[Work order] Word-for-word transcription: reproduce all of the data, but not the pictures.

[Information provided]
- - -

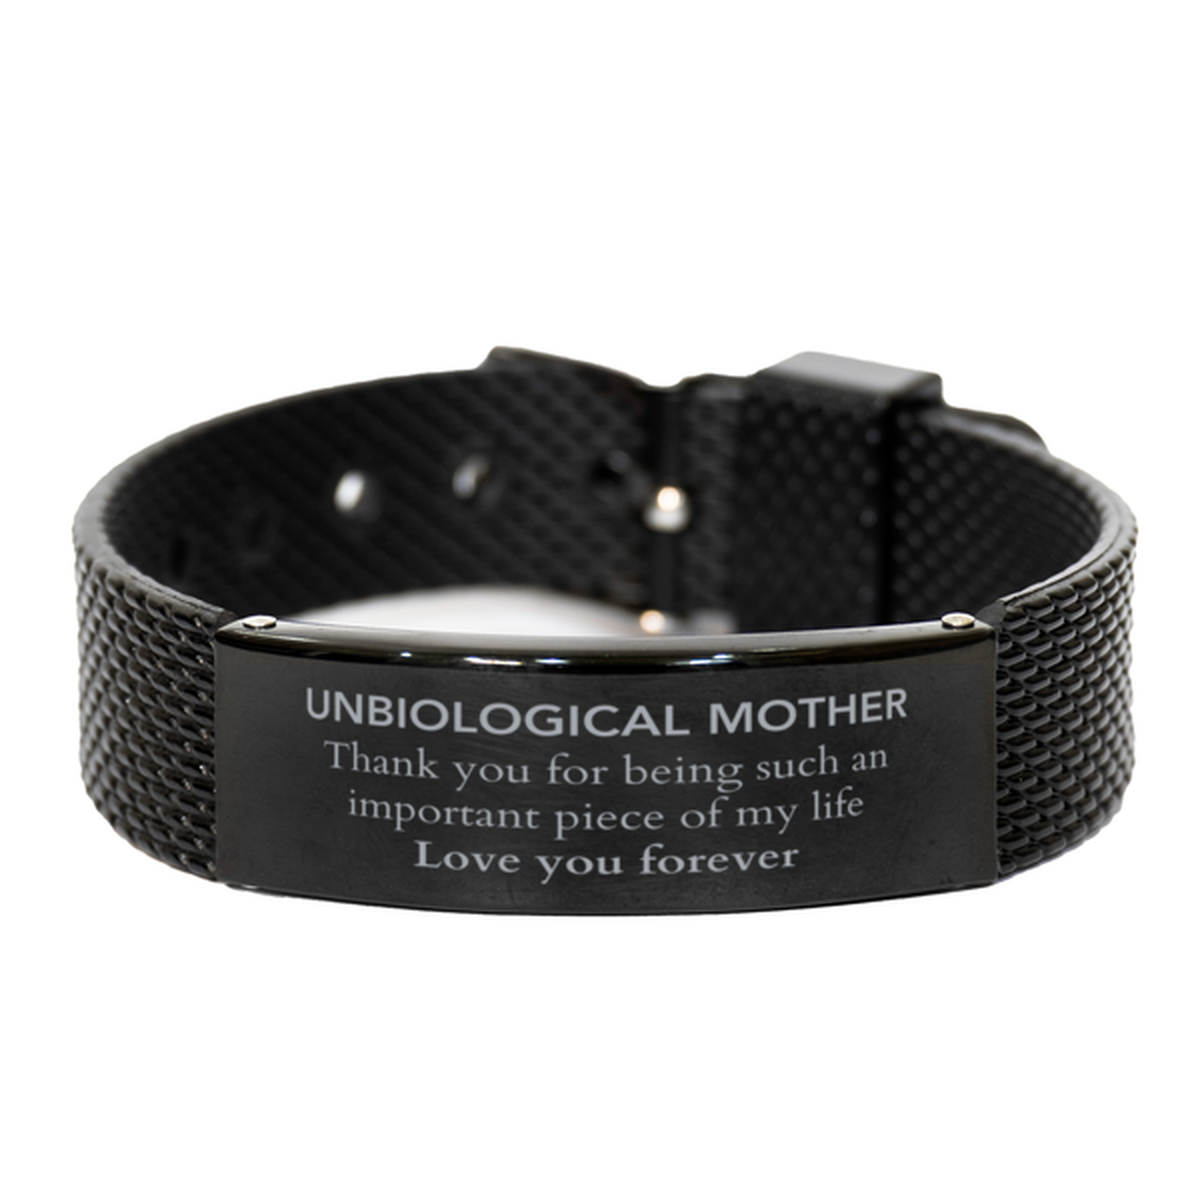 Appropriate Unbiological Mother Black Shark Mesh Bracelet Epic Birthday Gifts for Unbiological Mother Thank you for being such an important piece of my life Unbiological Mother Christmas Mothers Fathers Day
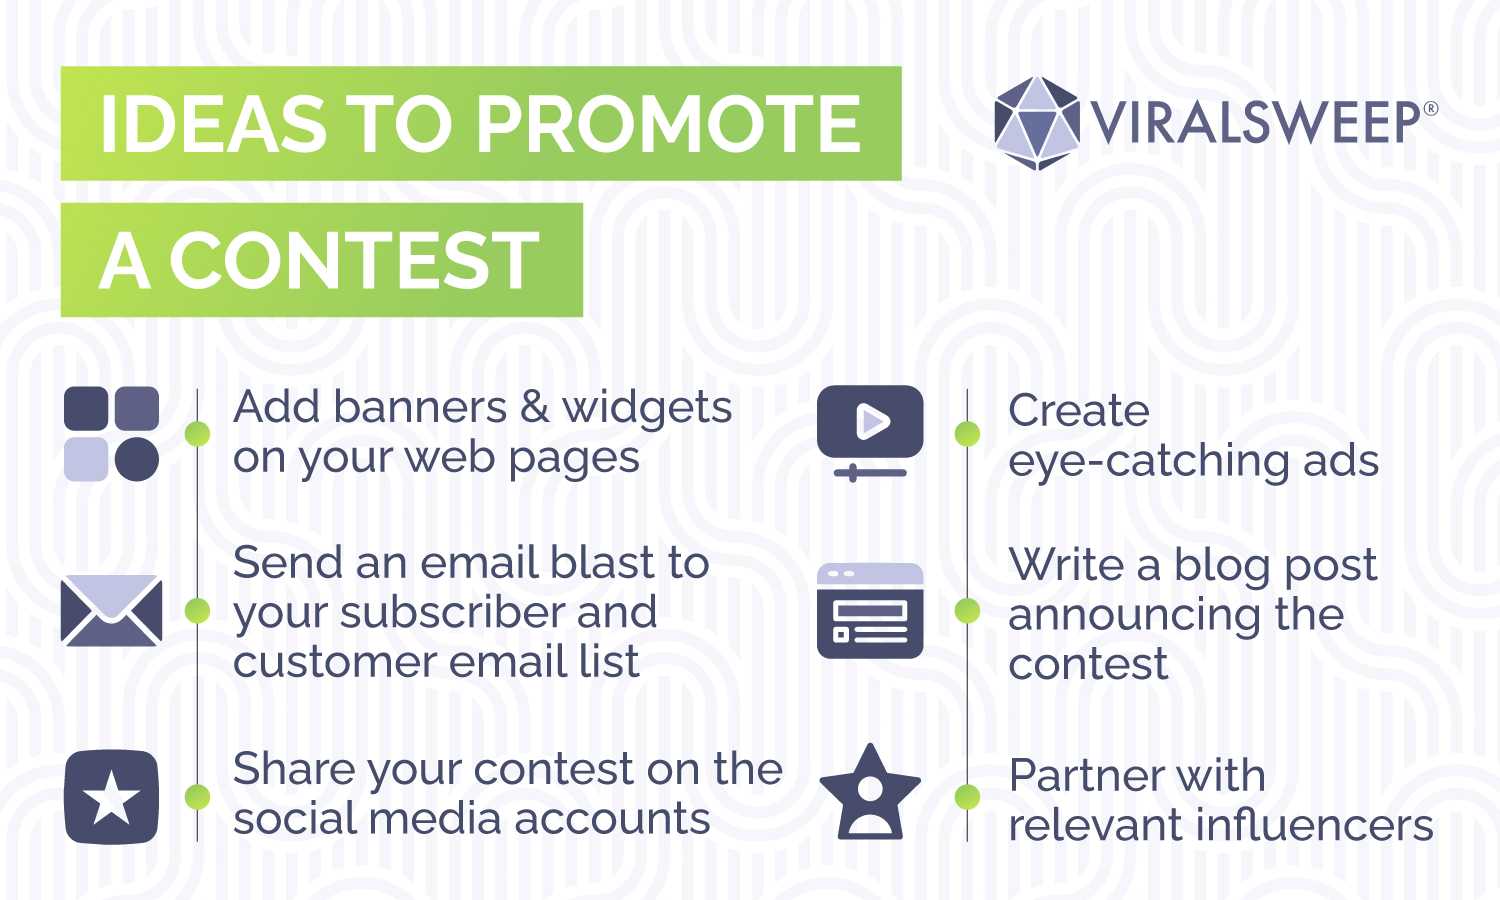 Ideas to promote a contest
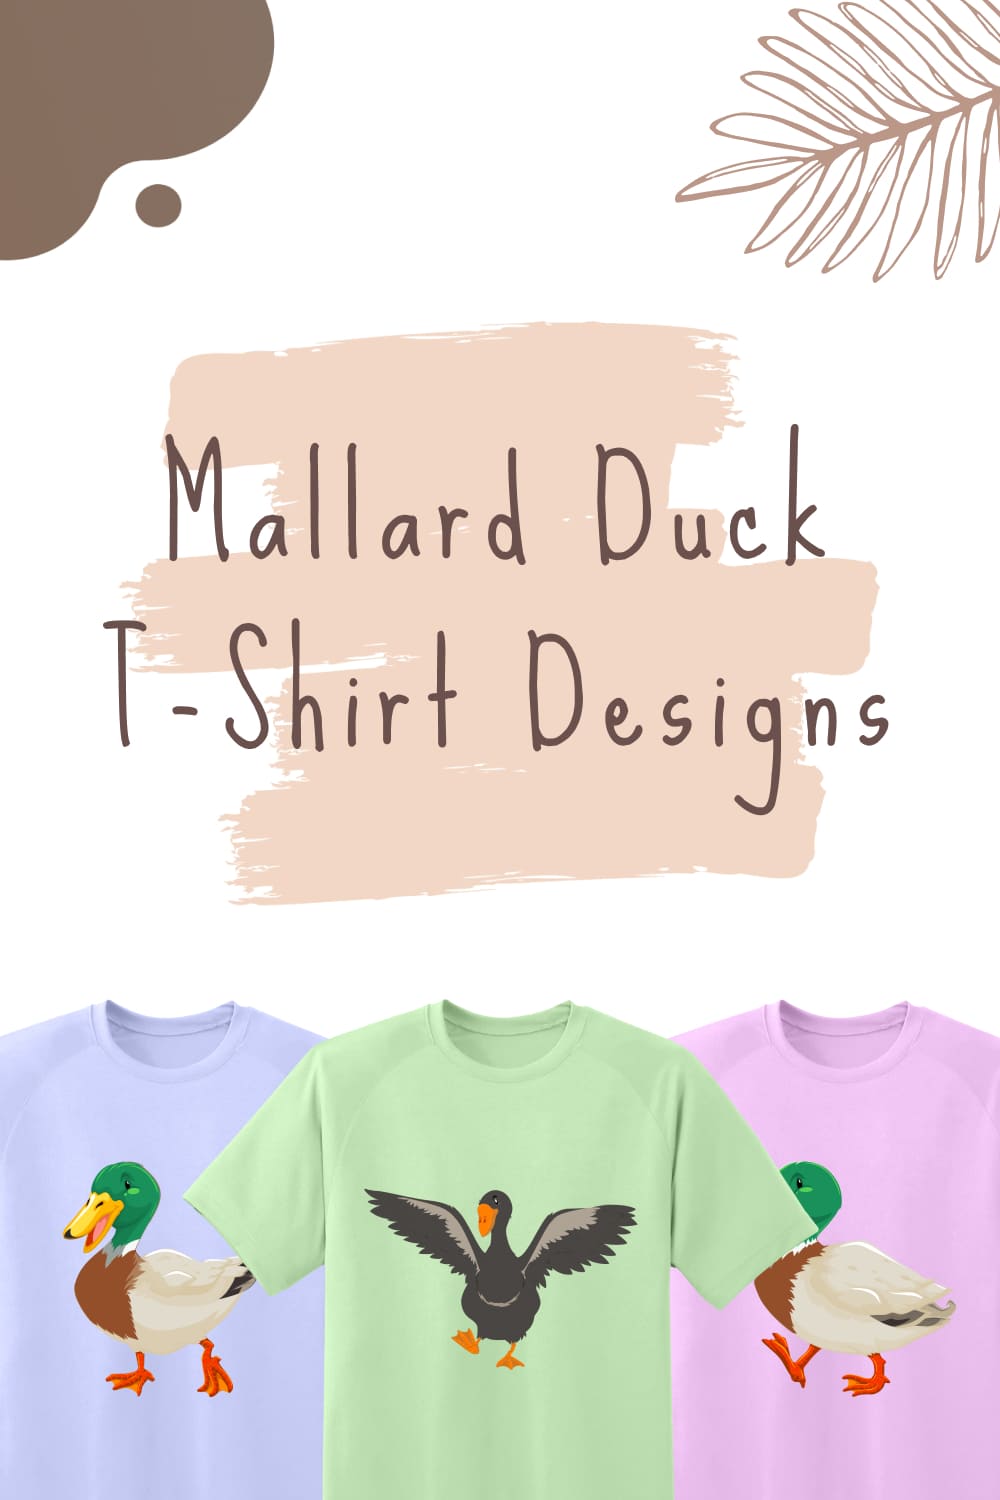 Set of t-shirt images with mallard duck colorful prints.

- - -

[Response area]
 Appropriate Unbiological Mother Black Shark Mesh Bracelet Epic Birthday Gifts for Unbiological Mother Thank you for being such an important piece of my life Unbiological Mother Christmas Mothers Fathers Day
 Ideas to promote a contest
 Set of t-shirt images with mallard duck colorful prints.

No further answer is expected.